For women who are uncertain whether their clinical situation would result in a decline or an approval, the most direct path is a clinical consultation that reviews the specific history rather than a self-assessment based on general exclusion criteria. The post on how to tell if your hormone clinic is practicing medicine provides additional context for evaluating any clinical process, including IHA's. If you want to understand how your specific clinical picture interacts with the treatment options, starting that conversation is the appropriate first step — and a real clinical response to your situation is what you should expect to receive, whether that response is a treatment protocol or a clearly explained next step toward becoming a candidate.

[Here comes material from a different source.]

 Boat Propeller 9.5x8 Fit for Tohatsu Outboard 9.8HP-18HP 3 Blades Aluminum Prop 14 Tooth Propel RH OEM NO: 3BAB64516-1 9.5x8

The clinical value of the sequential process — assessment, decline with explanation, workup, reassessment, approval — is that it produces a better-informed patient and a more precisely calibrated protocol. A woman who was declined because of an elevated fasting glucose that her PCP then evaluated and managed has entered the hormone program with better metabolic baseline data than if she had been approved immediately without that clinical detour. A woman whose thyroid abnormality was identified during the intake panel and referred to endocrinology has a thyroid condition under management that improves her hormonal health outcomes across the board. The "not now" was not a delay — it was a clinical step that improved the quality of the eventual "yes." This is what clinical gatekeeping produces when it is functioning correctly: not just a safer patient population in the program, but a better clinical foundation for each patient who eventually enters it. The distinction between that process and a rejection-without-explanation from a subscription service is not a matter of bedside manner. It is a matter of whether a clinical assessment occurred at all.

What Hearing 'No' in a Clinical Context Actually Means

The experience of being told by a clinical team that a specific treatment is not appropriate — or that the dosing you were expecting is not what the evidence supports for your situation — is uncomfortable in the moment. In retrospect, it is almost always the thing that patients are most grateful for. A clinical relationship in which your physician is willing to slow down, explain a concern, recommend an alternative, or defer a decision pending additional information is a relationship in which you can trust the 'yes' that follows the willingness to say 'no.'

IHA's approach to clinical decision-making reflects this principle throughout the treatment arc. The initial assessment may conclude that GLP-1 therapy is not the right starting point for a specific patient — that the hormonal picture needs to be addressed first, or that there is a contraindication to consider. The monitoring at eight weeks may result in a dose change that is lower than the patient expected. The six-month review may recommend adding a component that was not part of the original plan. Each of these adjustments reflects a clinical relationship that is actively managing your outcomes rather than processing your subscription. That clinical relationship begins with the initial consultation — and its value is most apparent in the moments when the honest clinical answer is more complex than a simple approval.